We strompelen naar buiten, alleen om onszelf, met een noodgang, in een volgende rotsituatie te storten.

De zon is zich een weg omhoog aan het kruipen. Het scherpe licht snijdt zich recht in mijn ogen. De pijn in mijn hoofd voedt erop. Zelfs als ik mijn oogleden sluit, weet het zonlicht me te tarten. Voor een seconde sta ik half blind in de deuropening, voor we in beweging komen. Of nee, het is Kieran die mij in beweging brengt. Met bibberende stem geruststellingen sprekend. 'We gaan hier wegkomen, Pax. Ik haal ons hier weg.'

Wanneer mijn zicht besluit terug te komen vouwt het stadsplein op me in. Het beeld tuimelt. De pulserende pijn die vanuit mijn slaap richting mijn kaak trekt maakt alles wazig. De brandende sensatie op mijn arm weet ik met een aantal vloeken in zijn kiem te grijpen en uit te doven.
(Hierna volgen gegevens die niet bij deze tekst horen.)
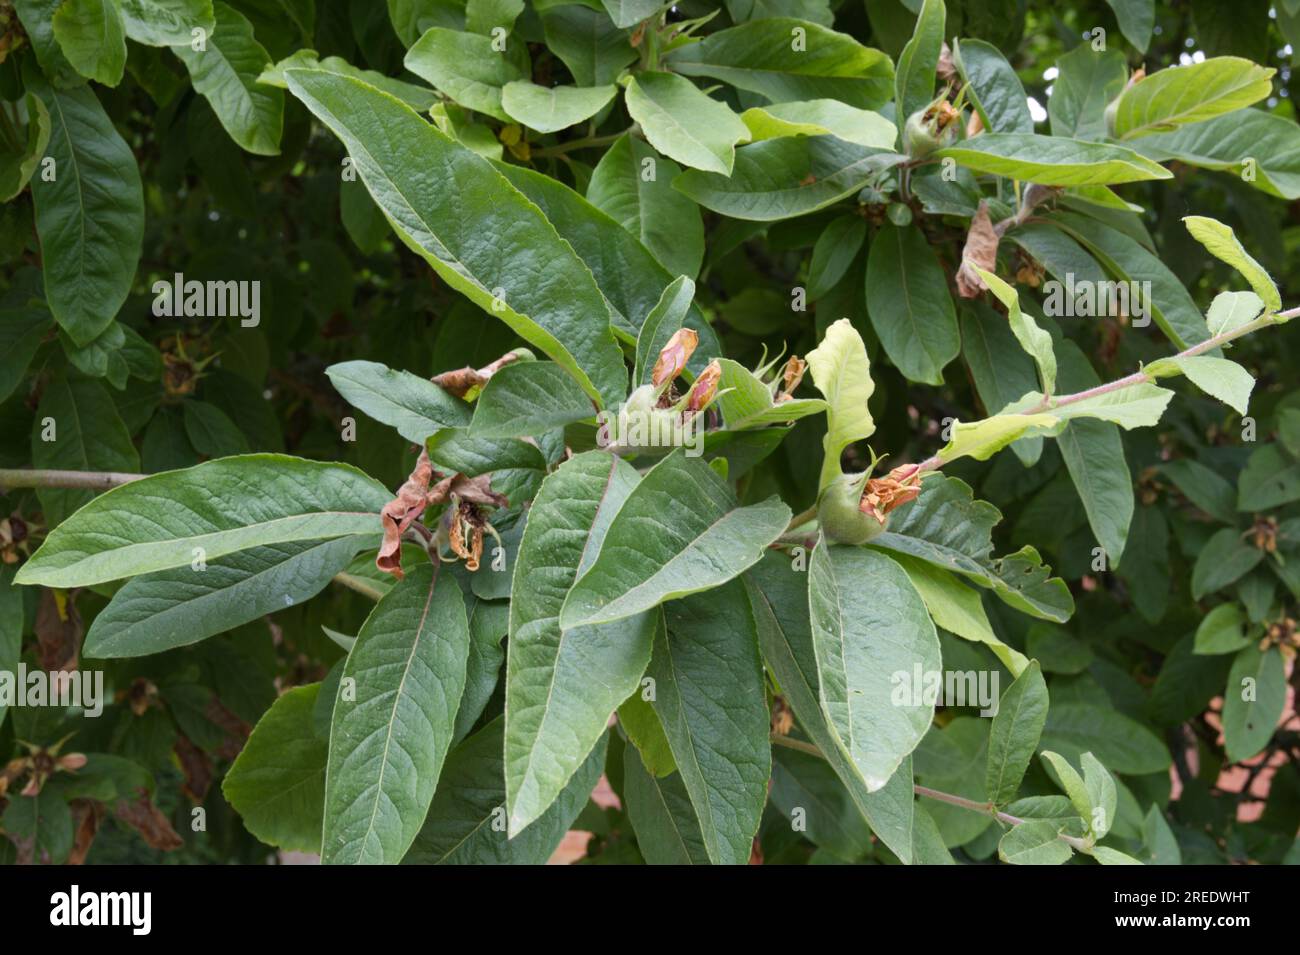 Young summer fruit of medlar or Mespilus germanica tree UK June Stock Photo
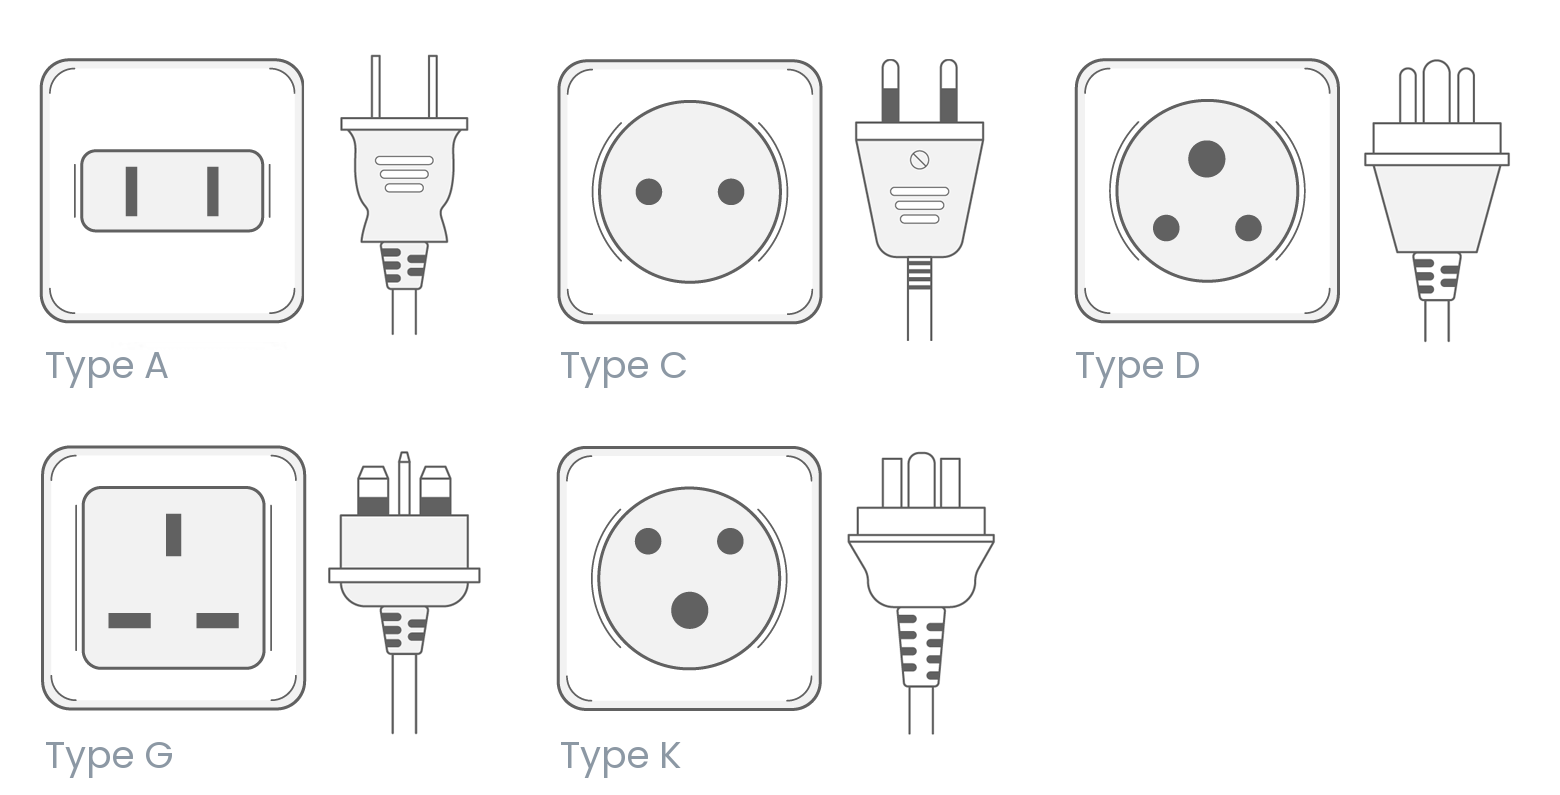 Bangladesh power plug outlet type K

'Ik denk niet dat ik je kan dragen. Probeer alsjeblieft rechtop te lopen. Gewoon een beetje verder. Het is niet ver meer.' Hij klinkt niet overtuigend, eerder op de rand van een traanuitbarsting.

'Stop met zorgen maken, ik red me wel,' zeg ik loom, terwijl ik Kieran als kruk gebruik om niet uit balans te raken. Ik probeer hem te helpen, mezelf zoveel mogelijk te sturen. Maar er lijkt een draad , een vanuit mijn doorgekookte hersenen richting mijn ledematen, volledig geknakt te zijn. Alsof een stel ratten erop hebben geknaagd en nu met zijn duizenden door mijn schedel heen dartelen. Is dit hoe een hersenbeschadiging voelt?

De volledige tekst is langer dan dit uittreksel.